# How long does it take these images to load?



## e.rose (Aug 8, 2014)

How long is it taking the images to load on my blog page for you guys?

Generally it's super fast for me, but i'm on business class high speed internets with a fast computer so...

And last night it seemed to be taking a little longer. Although I woke up this morning and the router was out, so I'm wondering if that's all I was dealing with last night with the download speeds.

Still curious though...

On a scale from 1 to "holy sh*t it was loaded before I even clicked the link", how fast does my blog page load for you?

Blog ? Emily McGonigle Photography


----------



## SnappingShark (Aug 8, 2014)

9 seconds for absolutely everything


----------



## sm4him (Aug 8, 2014)

I'm not sure how big a range that is, from 1 to "holy sh*t&#8230;" if "holy s." is 106, then I'd give this about an 89. Maybe a 91. 
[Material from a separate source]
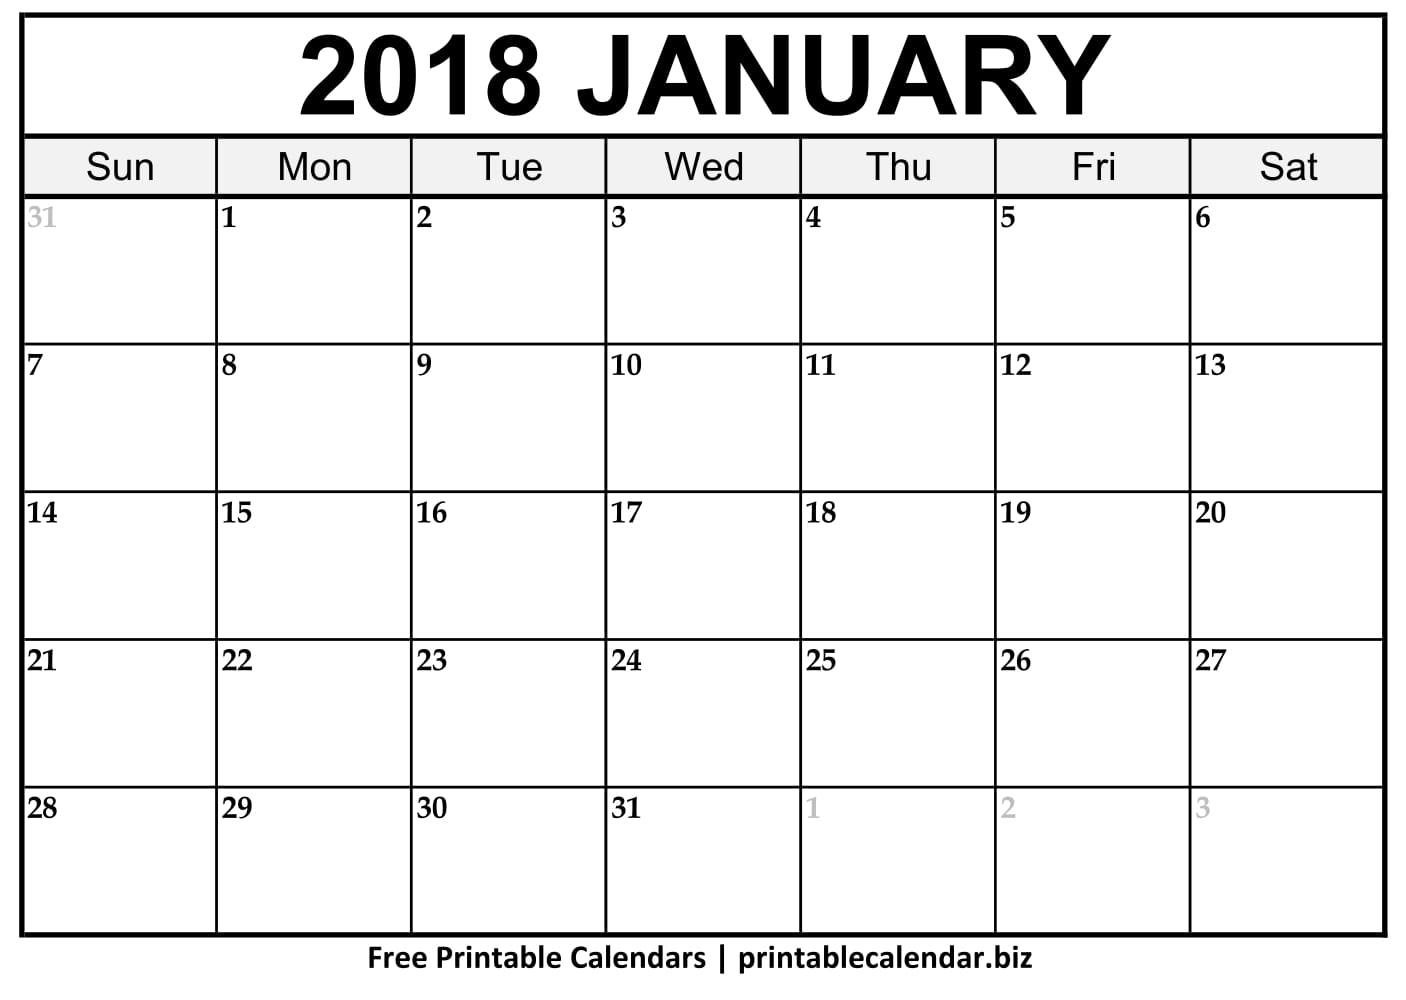 January 2019 Calendar - Printablecalendar.biz

Seriously, the photos loaded before I finished reading the headline, so it was plenty fast enough. I'm on a regular AT&T connection at work, on my Mac, Safari browser.


----------



## robbins.photo (Aug 8, 2014)

0.945564616498798113

Approximately.


----------



## baturn (Aug 8, 2014)

A couple of seconds, but I don't think either my computer or internet connection are particularly fast. I enjoyed your blogs tho', so thanks for that.


----------



## e.rose (Aug 8, 2014)

BrightByNature said:


> 9 seconds for absolutely everything



What device are you using??


----------



## e.rose (Aug 8, 2014)

baturn said:


> A couple of seconds, but I don't think either my computer or internet connection are particularly fast. I enjoyed your blogs tho', so thanks for that.



Haha, thanks, and you're welcome. :sillysmi:


----------



## benp2k6 (Aug 8, 2014)

E - are you resizing for web?  If so, no one should ever have a problem


----------



## JustJazzie (Aug 8, 2014)

I am on terrible rural internet. According to my stop watch, this thread took 15.7 seconds to load, the link you provided took 18.2 seconds to load.


----------



## runnah (Aug 8, 2014)

Yikes!

Use the "save for web" option in photoshop for everything! You can crank most images down to 5 on the save menu without a dramatic quality loss.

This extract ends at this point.